“Are you all right?”
Sobs.
She seemed not to hear him.
“Jeezis!”
He sprinted for the brink of the drawbridge and dived out over the deep channel.
How far… down… down…. Icy water stung his body with sharp whips, then opened to embrace him.
He fought to the surface and swam toward the dark shadow of the boat.
The sobbing had subsided.
He grasped the prow and hauled himself dripping from the channel.
She was lying curled in the bottom of the boat.
“Kid… you all right, kid?”
“Sorry… I’m such a baby,” she gasped, and dragged herself back to the stern. Paul found a paddle, but no oars.
He cast off and began digging water toward the other side, but the tide tugged them relentlessly away from the bridge.
He gave it up and paddled toward the distant shore.
“You know anything about Galveston?” he called—mostly to reassure himself that she was not approaching him in the darkness with the death-gray hands.
“I used to come here for the summer, I know a little about it.”
Paul urged her to talk while he plowed toward the island.
Her name was Willie, and she insisted that it was for Willow, not for Wilhelmina.
She came from Dallas, and claimed she was a salesman’s daughter who was done in by a traveling farmer.
The farmer, she explained, was just a wandering dermie who had caught her napping by the roadside. He had stroked her arms until she awoke, then had run away, howling with glee.
“That was three weeks ago,” she said. “If I’d had a gun, I’d have dropped him.
Of course, I know better now.”
Paul shuddered and paddled on.
“Why did you head south?”
“I was coming here.”
“Here?
To Galveston?”
“Uh-huh.
I heard someone say that a lot of nuns were coming to the island.

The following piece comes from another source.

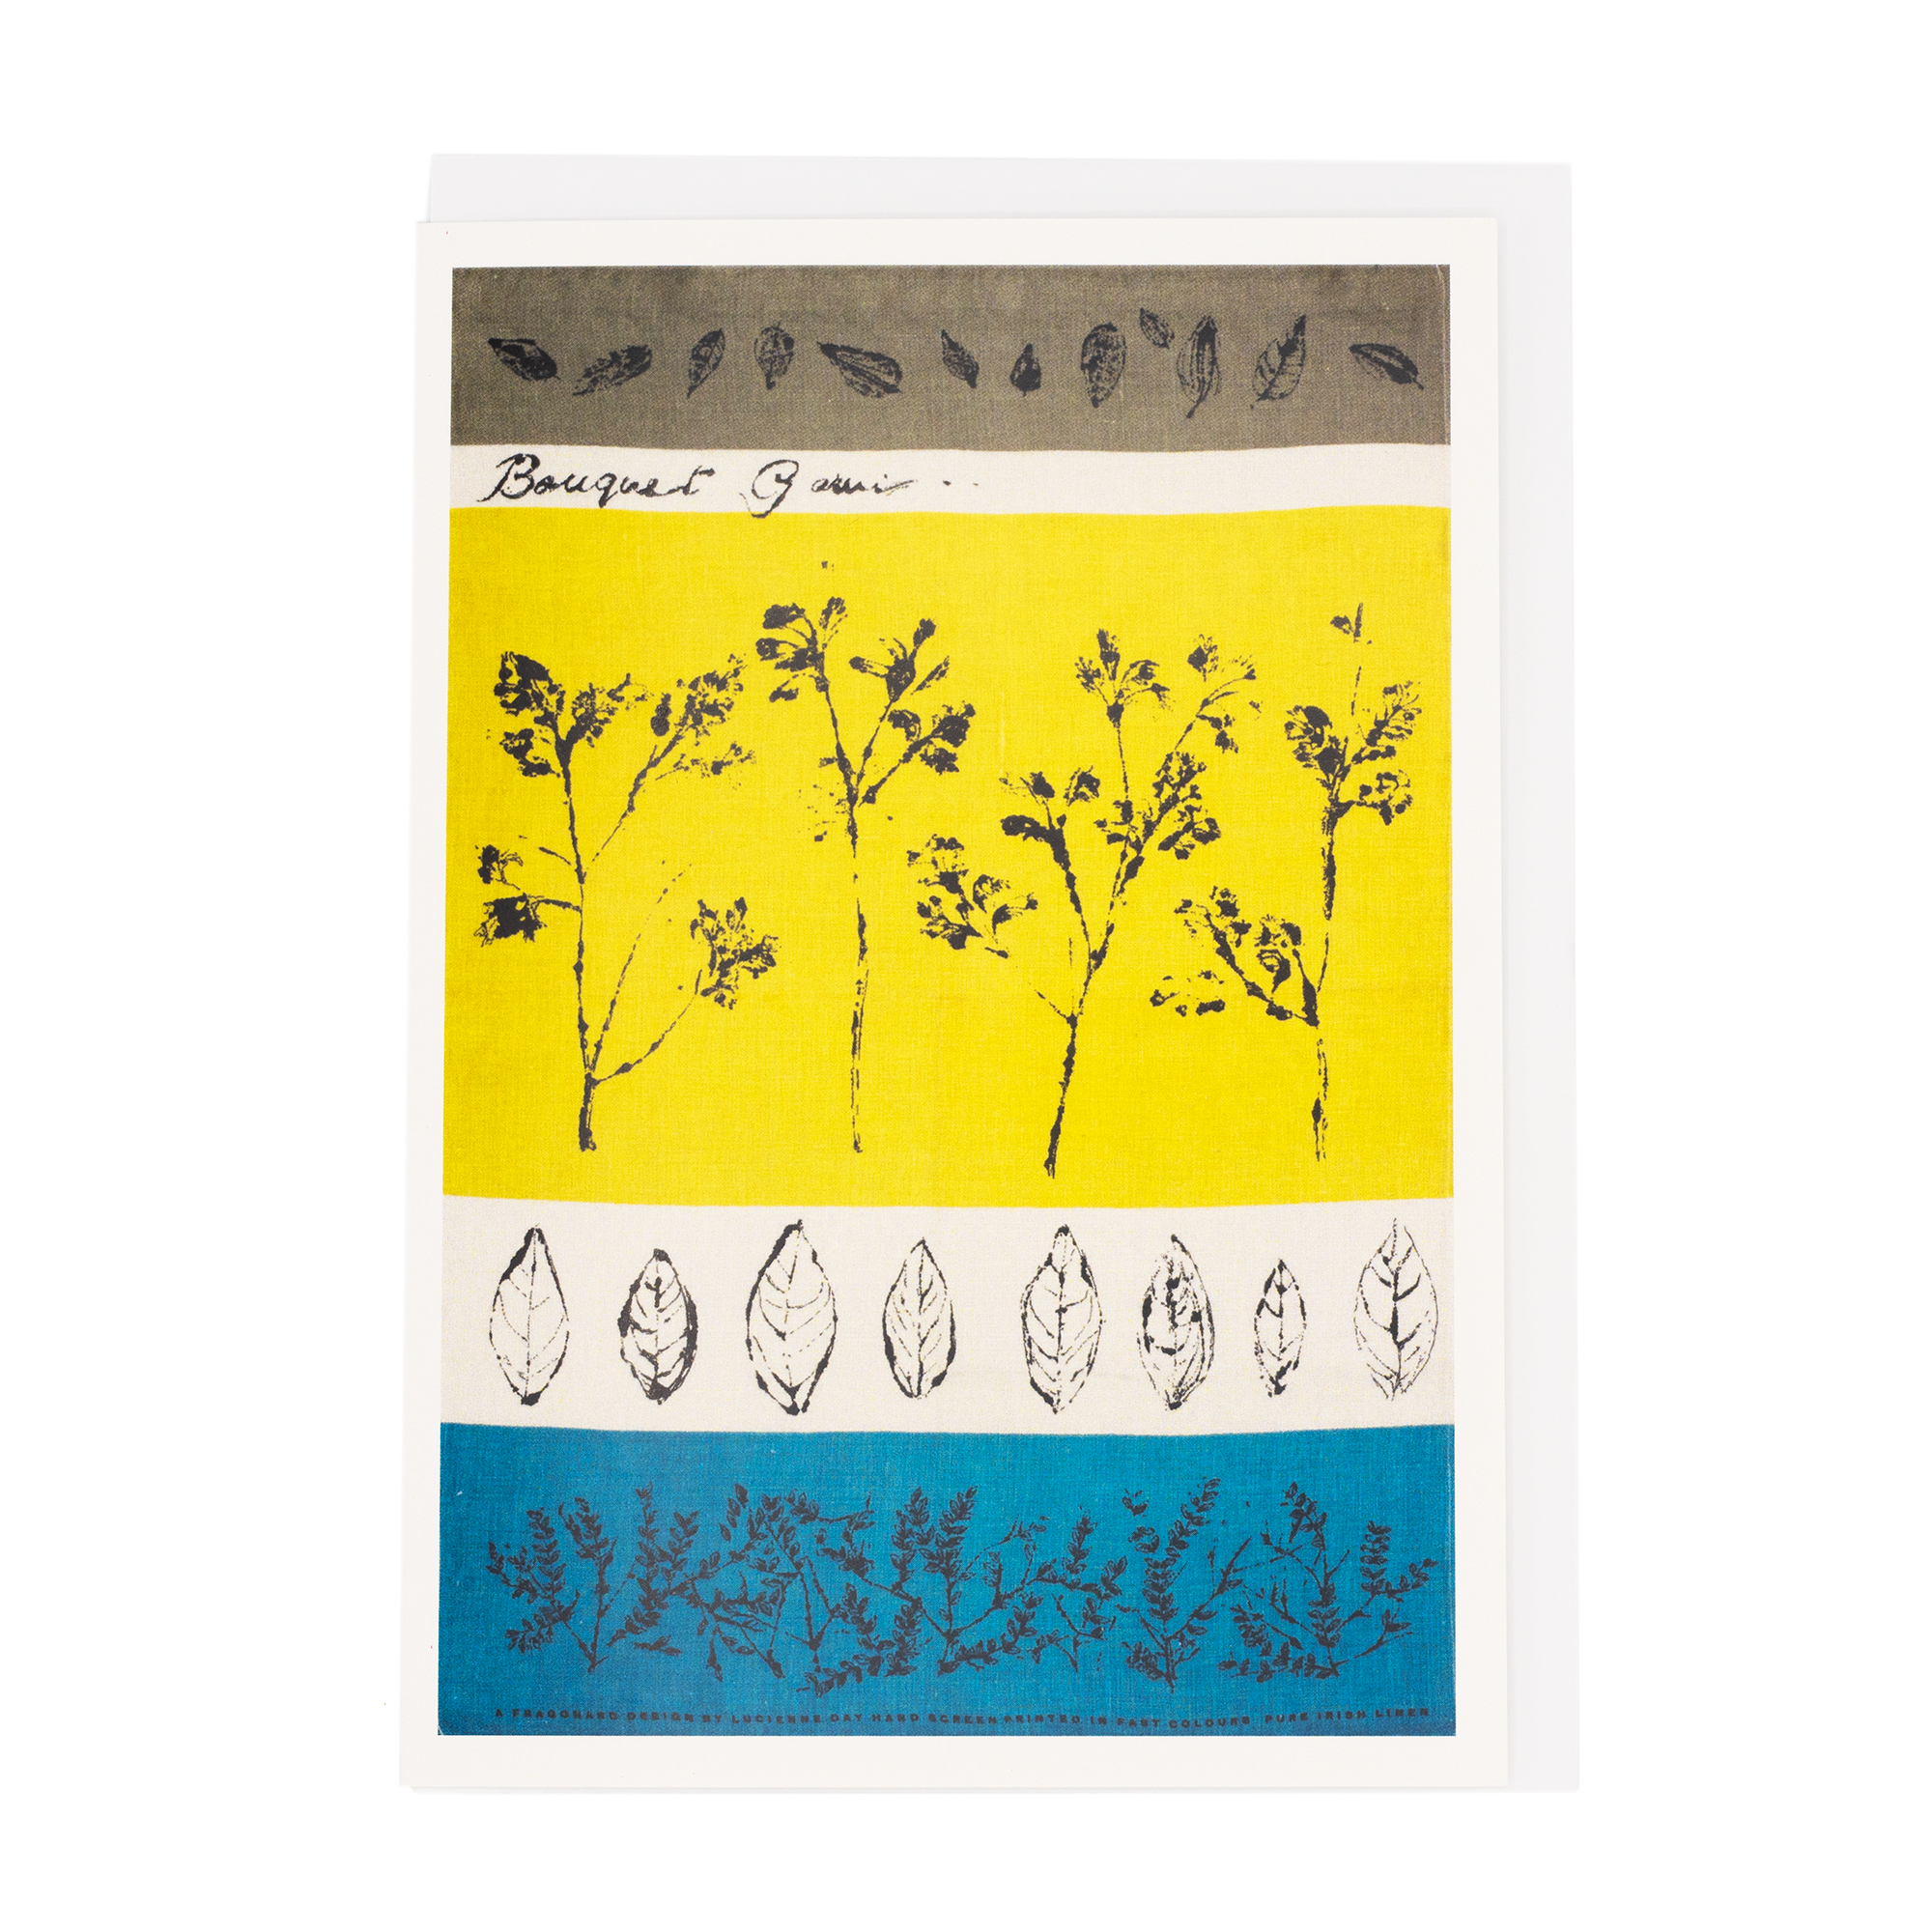 Image of greetings card with Lucienne Day Bouquet Garni design. Yellow, blue and white botanical pattern.

I thought maybe they’d take me in.”
The moon was high over the lightless city, and the tide had swept the small boat far east from the bridge by the time Paul’s paddle dug into the mud beneath the shallow water.
He bounded out and dragged the boat through thin marsh grass onto the shore.
Fifty yards away, a ramshackle fishing cottage lay sleeping in the moonlight.
“Stay here, Willie,” he grunted.
“I’ll find a couple of boards or something for crutches.”
He rummaged about through a shed behind the cottage and brought back a wheelbarrow.
Moaning and laughing at once, she struggled into it, and he wheeled her to the house, humming a verse of Rickshaw Boy.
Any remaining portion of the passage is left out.